In many ways, Islamic finance was born as a rebellion against colonialism and for self-determination. The idea was to provide an ethical alternative to the Western-dominated international financial system based on the Quran.

Building an Islamic Banking Network from Scratch

In the 1970s, Persian Gulf countries—which were both suddenly incredibly rich with petro-dollars and extremely conservative in religious belief—took Islamic finance beyond local experiments and created the Saudi Arabia-based Islamic Development Bank in 1975 followed by the Dubai Islamic Bank in 1979. Because the establishment of the first sharia-compliant institutions coincided with the rapid economic development of their home countries, a large share of Islamic investments went into the construction and real estate sectors.

Islamic finance expanded quickly, first in the Arab world and East Asian countries with significant Muslim populations before reaching the West and especially the UK in the early 2000s. In parallel to that expansion, two regulating bodies emerged—the Accounting and Auditing Organization for Islamic Financial Institutions (AAOIFI) in Algeria (now relocated to Bahrain) and the Islamic Financial Services Board (IFSB) in Malaysia.

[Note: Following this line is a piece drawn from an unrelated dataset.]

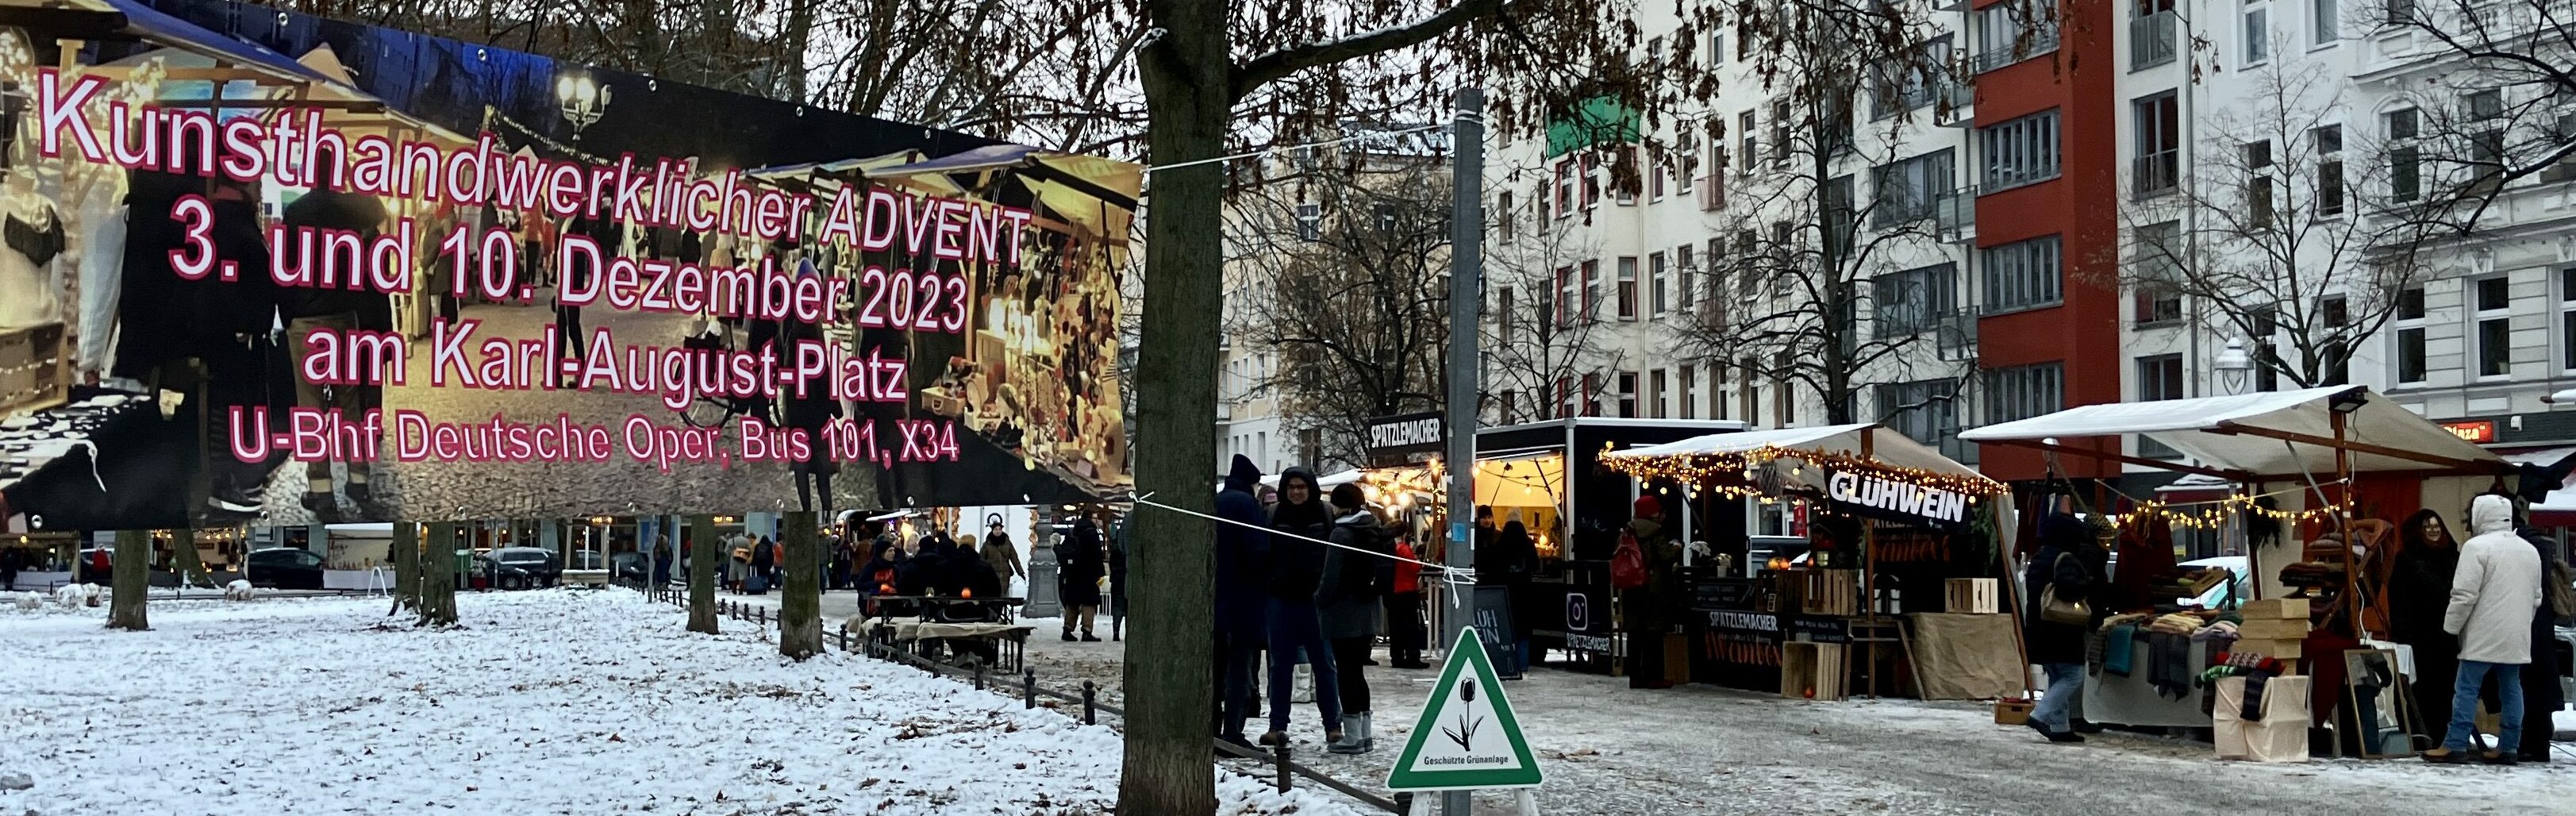 Das Transparent zum Kunsthandwerklichen Advents-Weihnachtsmarkt am 3. und 10. Dezember 2023 auf dem Karl-August-Platz sowie ein paar Stände wie Glühwein und Spätzle.

In 2007, sharia-compliant finance remained somewhat immune to the subprime loan crisis which generated a lot of interest. Islamic finance then surged across the globe at an average yearly growth rate of 10%–12%.

Islamic Debt Market

Islamic bonds also known as sukuks began to be issued in the late 1990s. Although they often serve the same purpose as regular bonds, they should be viewed as certificates of asset ownership rather than as debt obligations.

The trend really took off in 2006 when total sukuk issuance reached $20 billion. It peaked at $137 billion in 2012 before the pace slowed down. Last year, total Islamic bond issuance reached $168 billion.

Today, there are over 1,650 Islamic financial institutions spread all over the world and total sharia-compliant assets represent $3.9 trillion. Although Islamic finance is less than 1% of the global financial market, it is one of the fastest-growing segments, attracting at times non-Muslim customers. While consolidating their existing markets, sharia-compliant entities have started to branch out into new territories, notably Sub-Saharan Africa and Europe. In a world that increasingly worries about environmental, social and governance issues, some depositors and investors see Islamic finance as an ethical way of dealing with their money.